Cet arrêt met en œuvre la méthodologie jurisprudentielle, au demeurant parfaitement cadrée par le Conseil d’Etat depuis sa décision Engoulevent (CE, 13 juill. 2012, n° 345970 ; voir aussi : CE, 7 févr. 2013, n° 348473 ; CE, 26 février 2014, n° 345011), déclinant le fameux arrêt Gomel (CEZ, 4 avril 1914, Gomel, Rec.

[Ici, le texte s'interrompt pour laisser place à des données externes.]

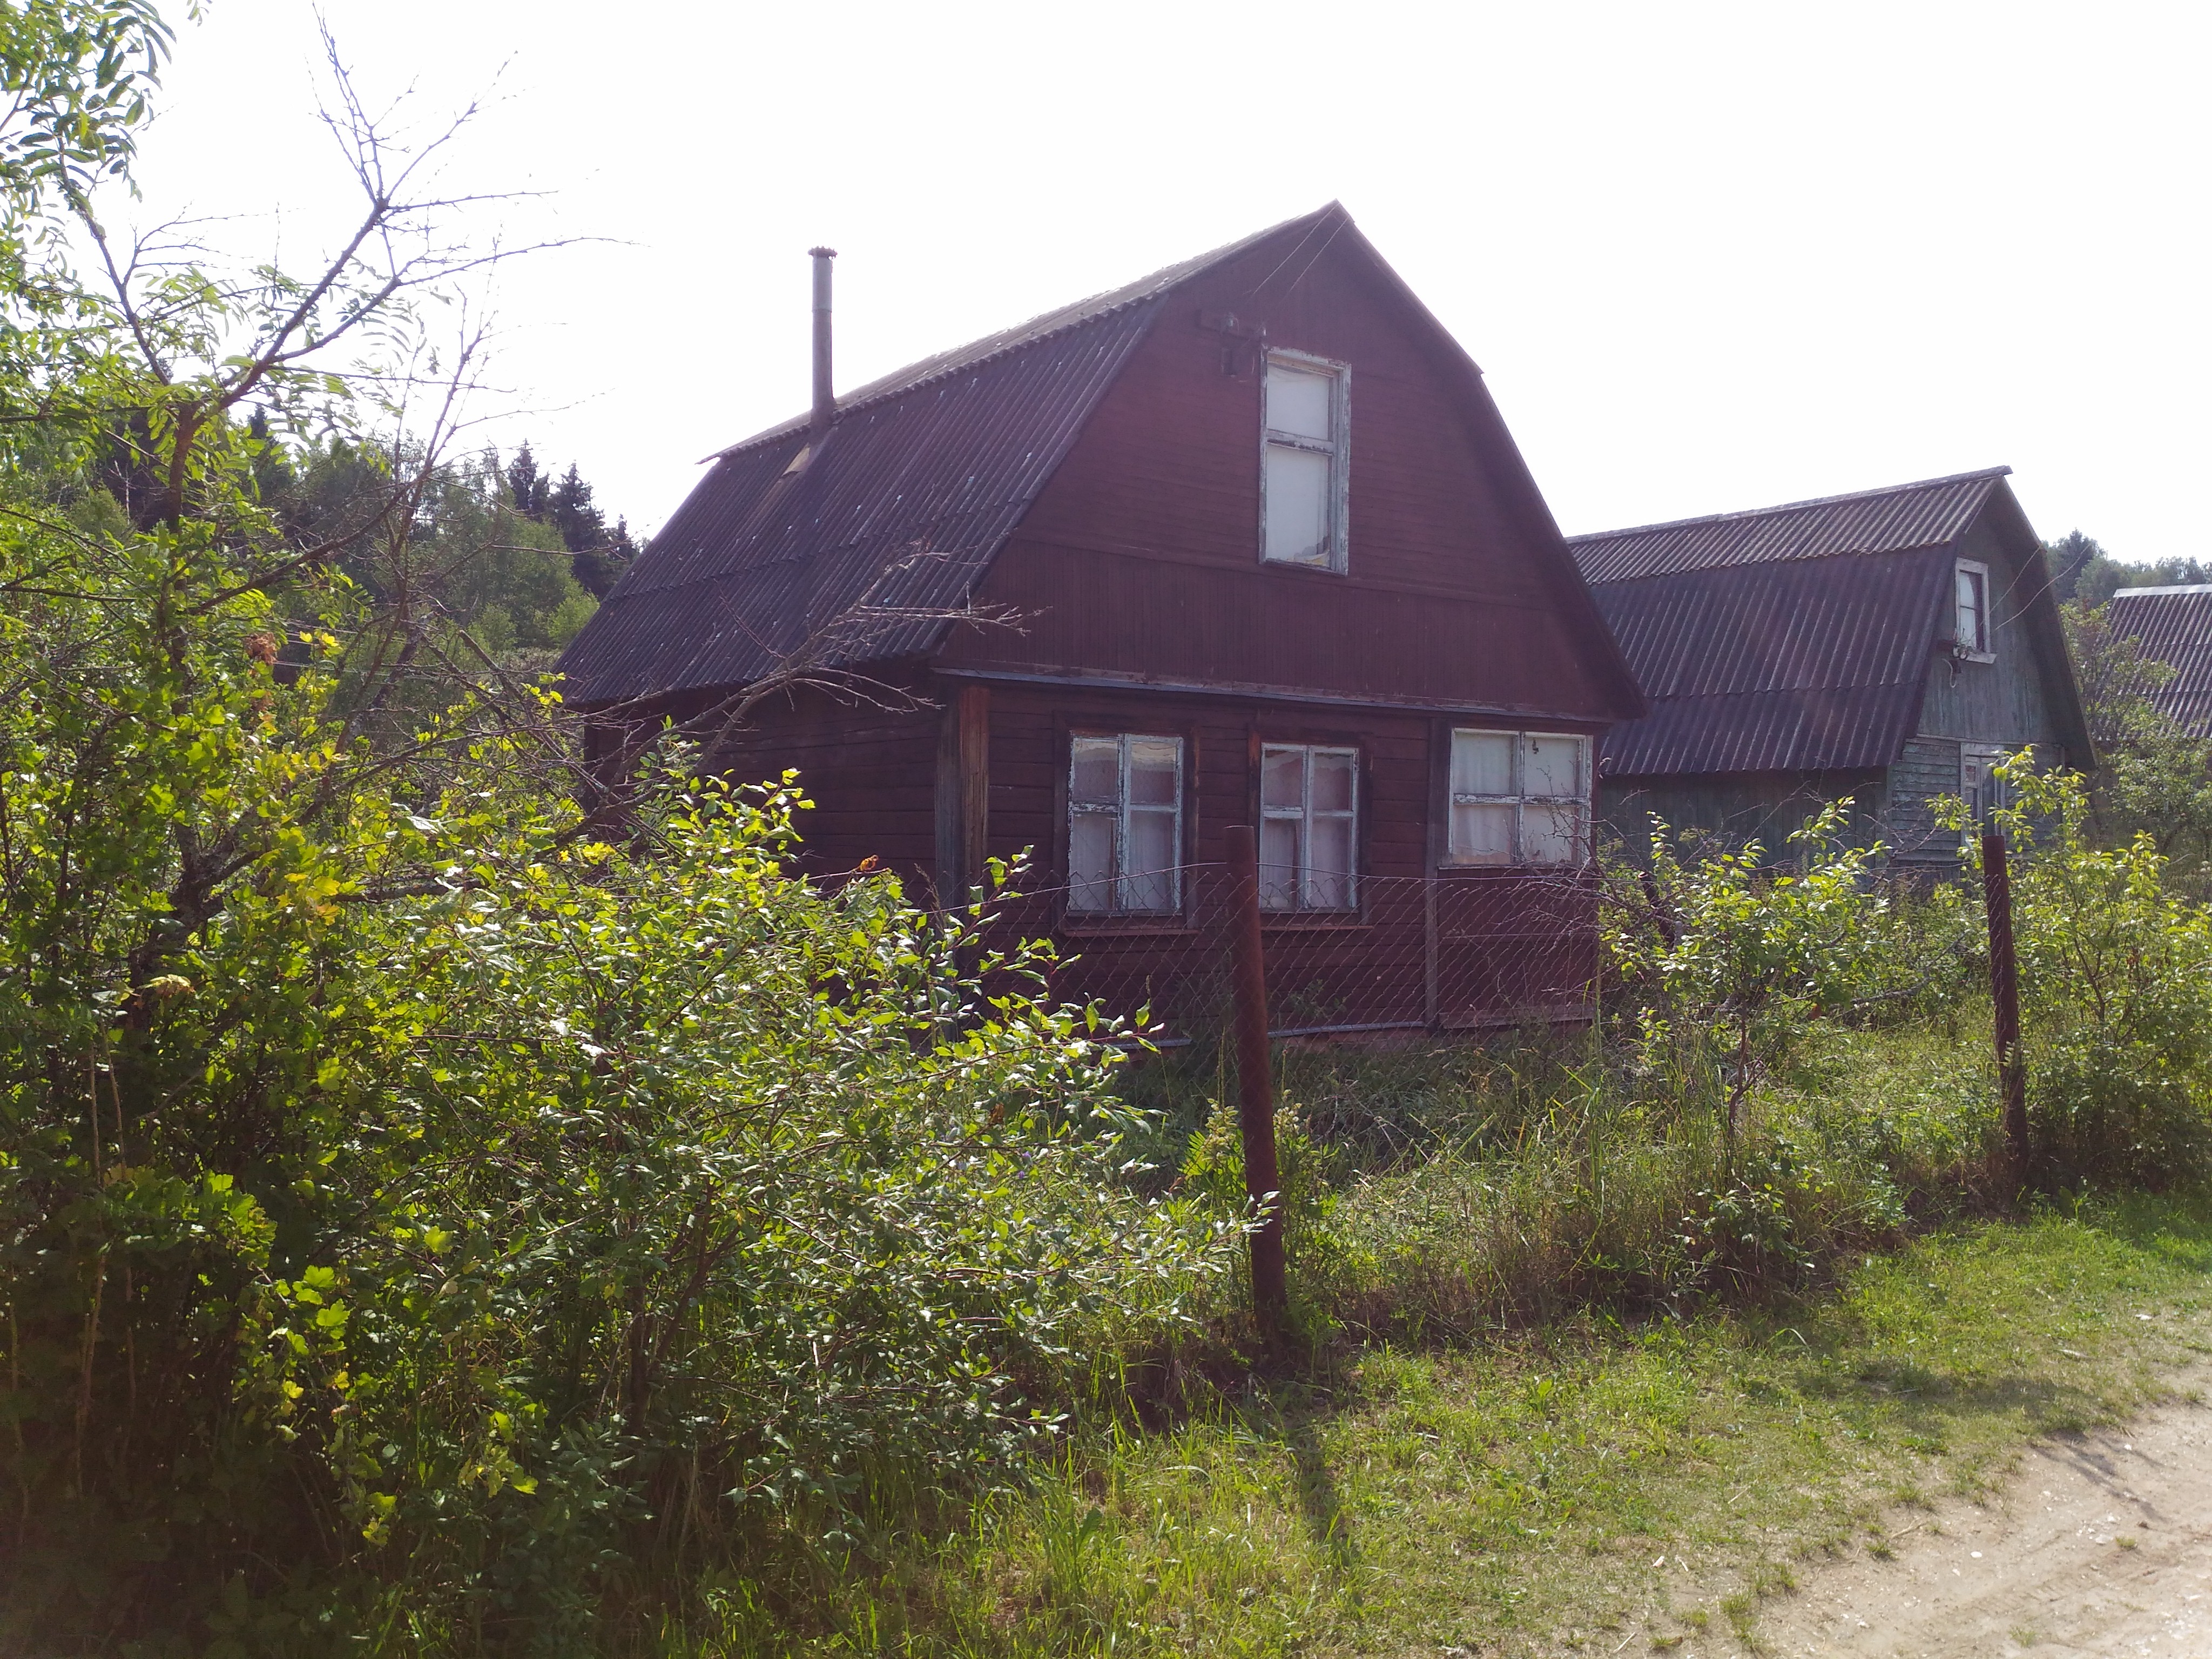 Продажа дачного дома в СНТ Здоровье деревня Жданово / Волоколамский район Московской области.

Lebon p. 488) et rappelé par la décision de la CAA de Bordeaux : « Pour apprécier si un projet de construction porte atteinte, en méconnaissance des dispositions précitées de l’article R. 111-21 du code de l’urbanisme, au caractère ou à l’intérêt des lieux avoisinants, aux sites, aux paysages naturels ou urbains ainsi qu’à la conservation des perspectives monumentales, il appartient à l’autorité administrative d’apprécier, dans un premier temps, la qualité du site sur lequel la construction est projetée et d’évaluer, dans un second temps, l’impact que cette construction, compte tenu de sa nature et de ses effets, pourrait avoir sur le site ».
Cette méthodologie repose plus précisément sur quatre principes.

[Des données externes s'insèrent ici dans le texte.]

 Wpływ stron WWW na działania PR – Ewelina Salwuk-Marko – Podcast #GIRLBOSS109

D’une part, au regard du bloc de légalité le Conseil d’Etat considère que l’article R.111-27 du code de l’urbanisme constitue sa seule norme de référence pour réaliser son contrôle et en ce sens exclut que le juge compense les atteintes au paysage avec les intérêts privés ou publics que la construction sert.
D’autre part, s’agissant de la qualification juridique des faits, le Conseil d’Etat exige des juges du fond qu’il caractérise l’intérêt protégé de la zone dans laquelle est projetée la construction.
Par ailleurs et toujours du point de la qualification juridique des faits, la Haute juridiction impose encore au juge du fond qu’il établisse dans un second temps en l’appréciant souverainement l’impact du projet de construction sur le paysage initialement caractérisé.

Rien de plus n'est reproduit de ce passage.